How will China’s new lockdown impact them as an investment destination? – George Lagarias

by | Apr 25, 2022

George Lagarias, Chief Economist at Mazars, comments: “China is the origin point of supply chains. Unlike Wuhan, Shanghai is China’s biggest port and the most significant bottleneck of trade between the US and China. It is also one of the largest manufacturing centres in China, with heavy concentrations of automotive and electronics suppliers.

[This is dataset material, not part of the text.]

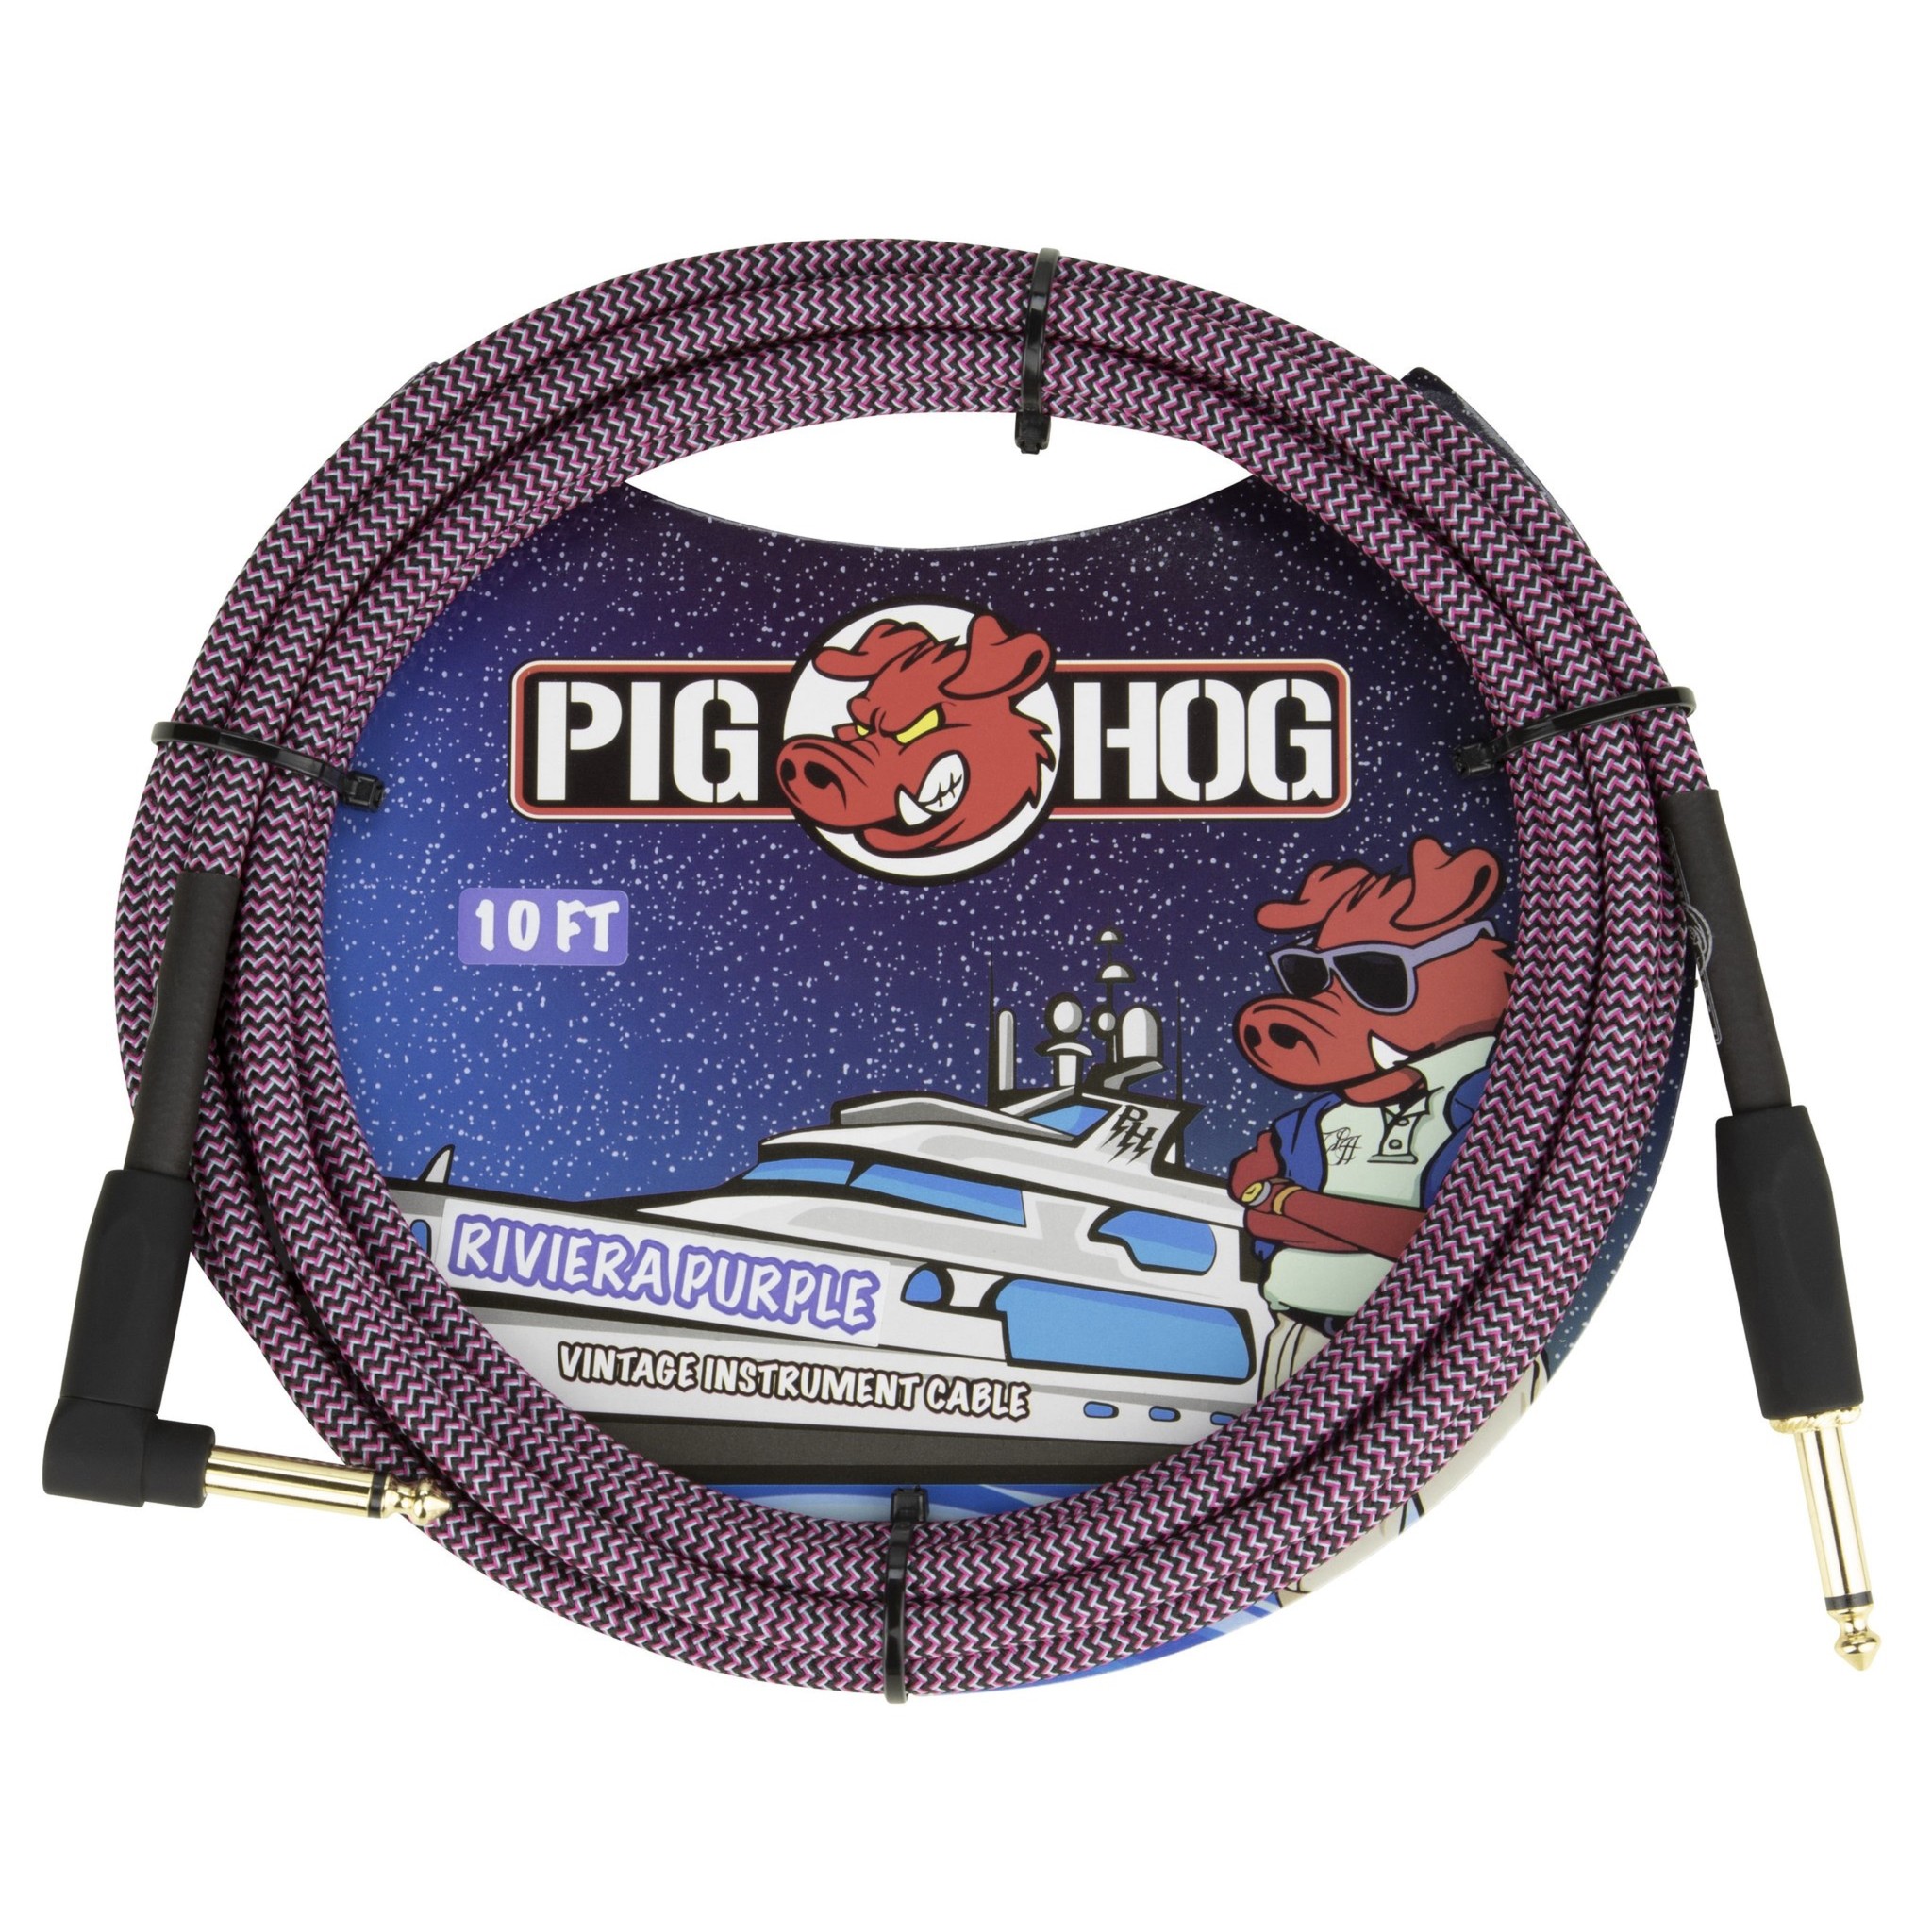 Pig Hog 10-Foot Vintage Woven Instrument Cable, 1/4" Straight-Right Angle, Riviera Purple

“It is home to 121 Fortune 500 companies. Shanghai accounts for 3.8% of China GDP. Exports produced in Shanghai are 7.2% of China’s total volume and about a fifth of all goods are exported through this key port. Currently, waiting time around the port is reported to be up to 30%-40% higher than usual, although the number could be higher. Truck drivers are forced to wait up to 40 hours at certain gateway entrances.

“The repercussions will be significant. Delays will further destabilise supply chains, which have already been impacted by the war in Ukraine. On the one hand, a Chinese slowdown will be deflationary. On the other hand, however, and over a longer term, we could see inflation pressures further exacerbated as supply chains struggle to get back on line.

“By and large, the picture is one where the world has been knocked off-balance in late 2019 and has not managed to recover since. This is causing significant business and policy uncertainty, which can only cause inefficiencies. These inefficiencies can harm both growth and inflation and increase the probability of economic recession in 2022.

“The global economic repercussions from China’s new lockdowns will be formidable. But they will pass. The images of repression, however, will scar China as an investment destination for years to come.

“China might still achieve its growth targets. But it will, probably, increasingly have to do it without western Foreign Direct Investments. At the very least, it will have to review and adjust its growth model. To do that, it will have to slow down and re-examine its place in the global supply chain. A world where global expansion of output is not driven by China anymore, will be slower to grow, and more inflationary. Welcome, to a world without BRICs.